BishopAccountability.org | ||||||||
Crowd Throngs First Papal Mass in Washington By Karin Zeitvogel Tolerance (Canada) April 17, 2008 http://www.tolerance.ca/Article.aspx?ID=11645&L=en WASHINGTON - Tens of thousands flocked Thursday for the first Mass by Pope Benedict XVI on his US visit, hours after he chided Americans for a moral breakdown which he said fueled the church's child sex abuse scandal. Gates opened at Washington's new sports stadium before dawn to allow an expected 48,000 people to trickle through stringent security measures and attend an open-air mass at 10:00 am (1400 GMT).

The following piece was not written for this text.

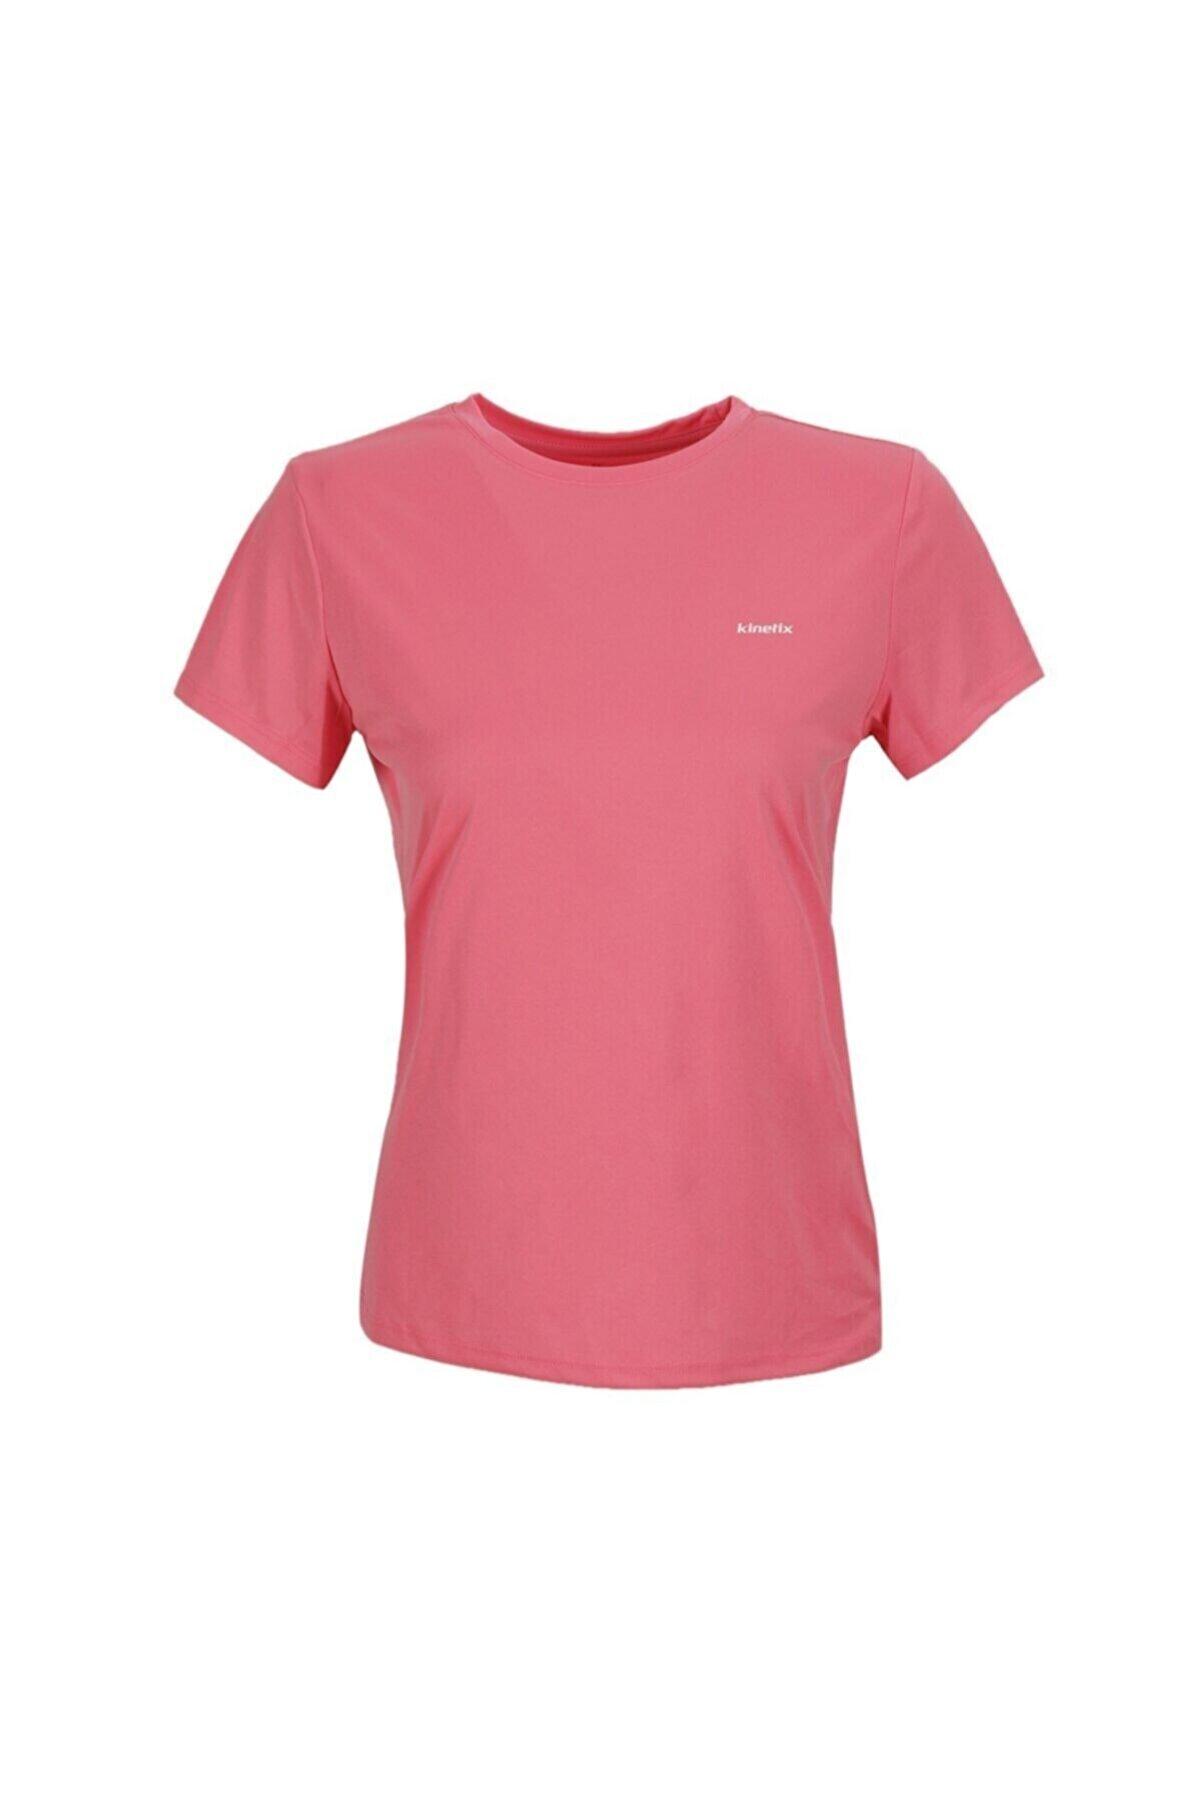 Kinetix SN230 BASIC PES C NECK T- Fuşya Kadın T-Shirt 100581632

The pontiff received a rapturous White House welcome Wednesday and met privately with President George W. Bush in the Oval Office, before addressing the pedophile priest scandal that has rocked the US church in a speech to US Catholic bishops. In a speech delivered after evening prayer inside the largest Roman Catholic church in North America, the pontiff berated the bishops for their poor handling of a scandal surrounding sexual abuse of children in the church. But he urged efforts "to address the sin of abuse within the wider context of sexual mores" as well as a reassessment of "the values underpinning society." "What does it mean to speak of child protection when pornography and violence can be viewed in so many homes through media widely available today?" the pontiff said on the first full day of his US visit. "Children deserve to grow up with a healthy understanding of sexuality and its proper place in human relationships. They should be spared the degrading manifestations and the crude manipulation of sexuality so prevalent today." Describing clerics who sexually abuse children as "gravely immoral," the octogenarian pope warned that the scourge of pedophilia "is found not only in your dioceses but in every sector of society." "It calls for a determined, collective response," he said, but did not outline any firm action that the Vatican intended to take to purge the church of pedophile priests.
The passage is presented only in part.